_What the exercise asks_. Please write out all the data that follows exactly, without the pictures.

_Source material_.
::::

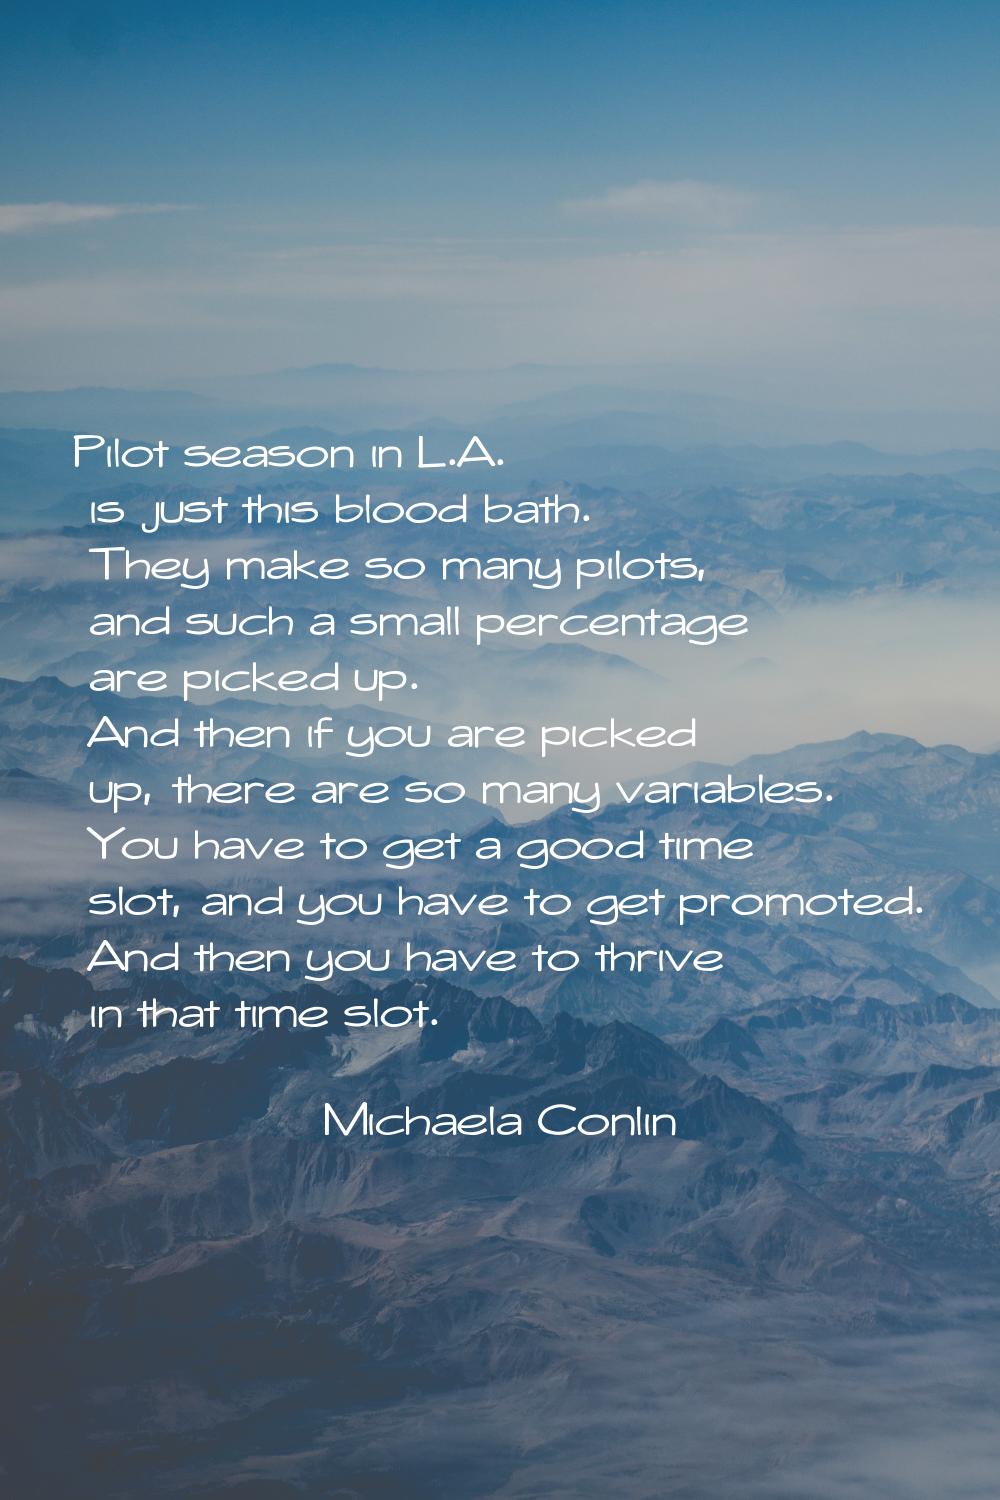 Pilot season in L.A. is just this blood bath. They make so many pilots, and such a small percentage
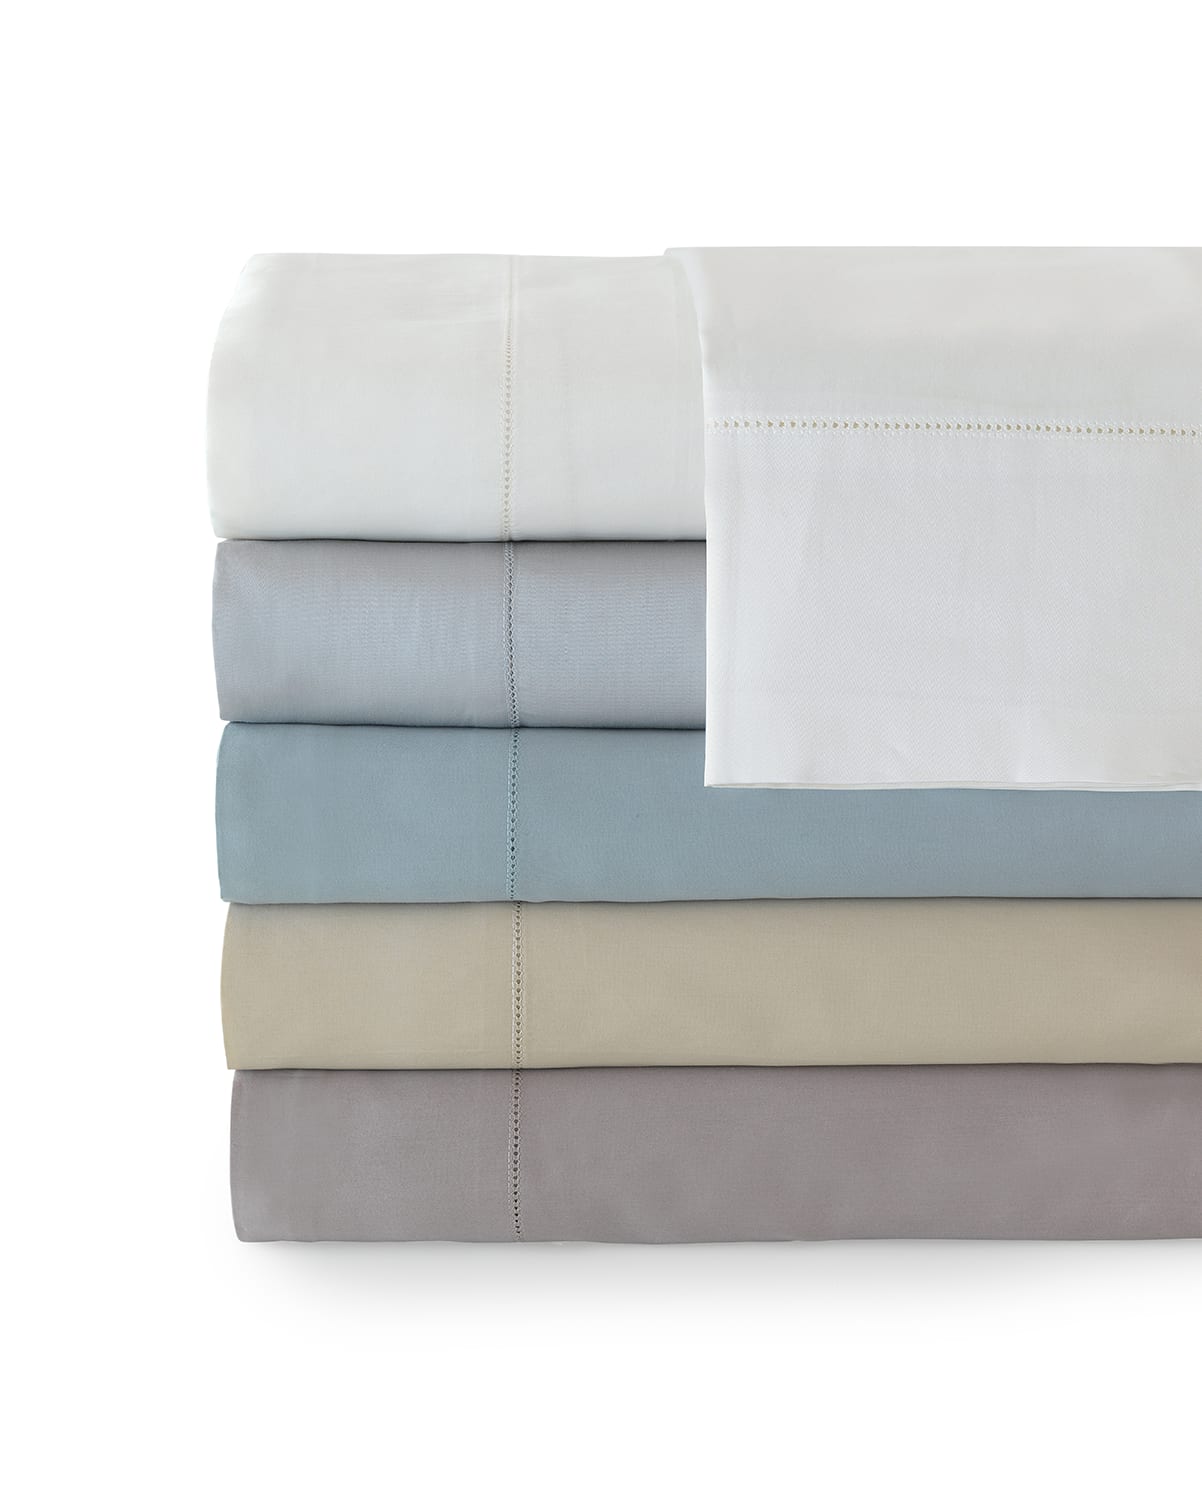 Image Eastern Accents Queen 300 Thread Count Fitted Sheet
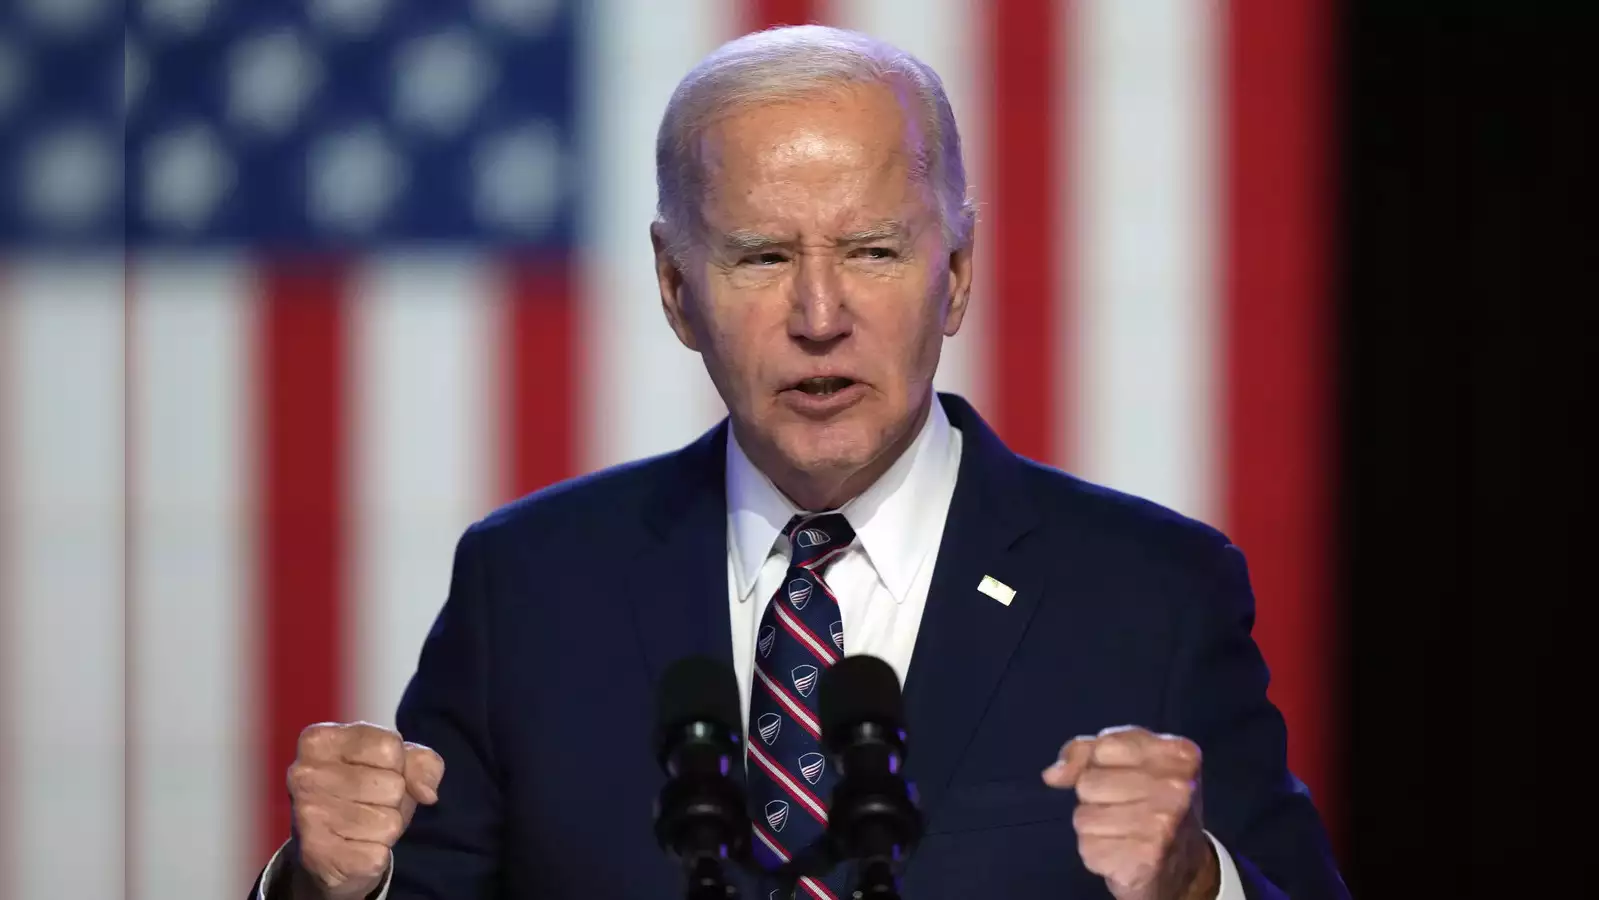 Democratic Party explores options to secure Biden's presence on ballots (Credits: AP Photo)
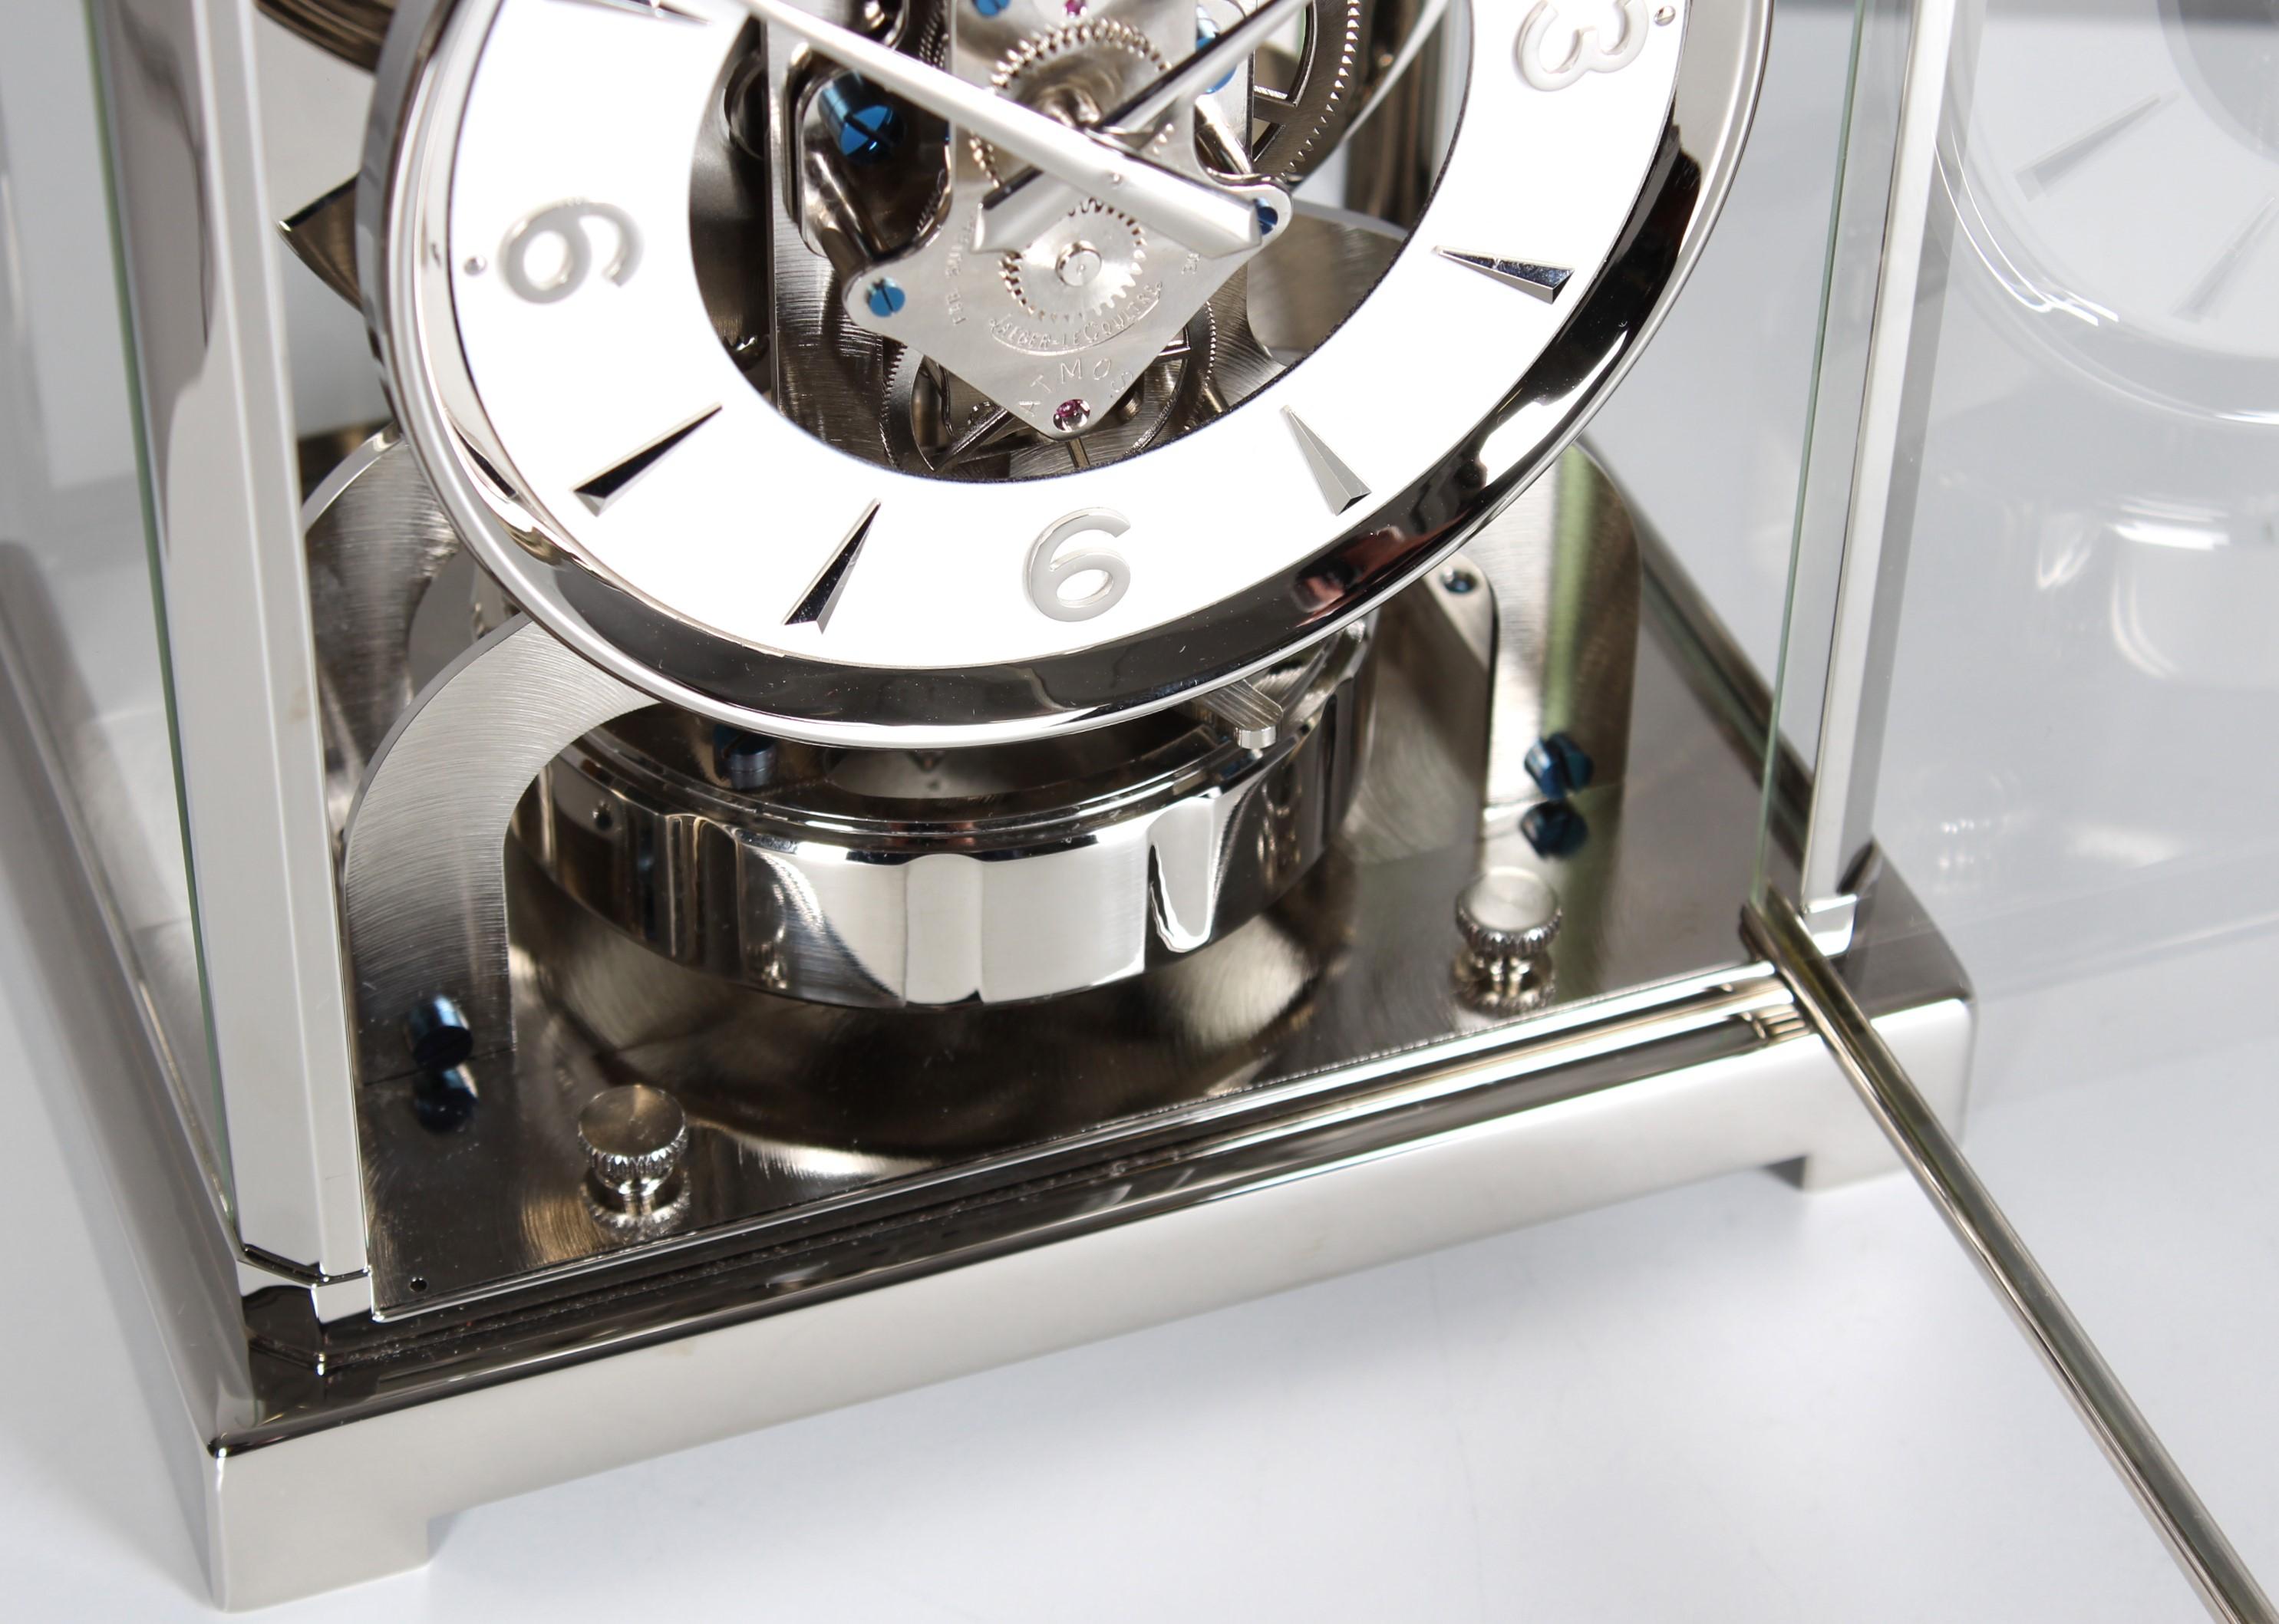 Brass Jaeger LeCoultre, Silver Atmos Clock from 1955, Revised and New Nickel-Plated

::::

_Exercise response_.
 Pilot season in L.A. is just this blood bath. They make so many pilots, and such a small percentage
 Image Eastern Accents Queen 300 Thread Count Fitted Sheet
 Democratic Party explores options to secure Biden's presence on ballots (Credits: AP Photo)
 Brass Jaeger LeCoultre, Silver Atmos Clock from 1955, Revised and New Nickel-Plated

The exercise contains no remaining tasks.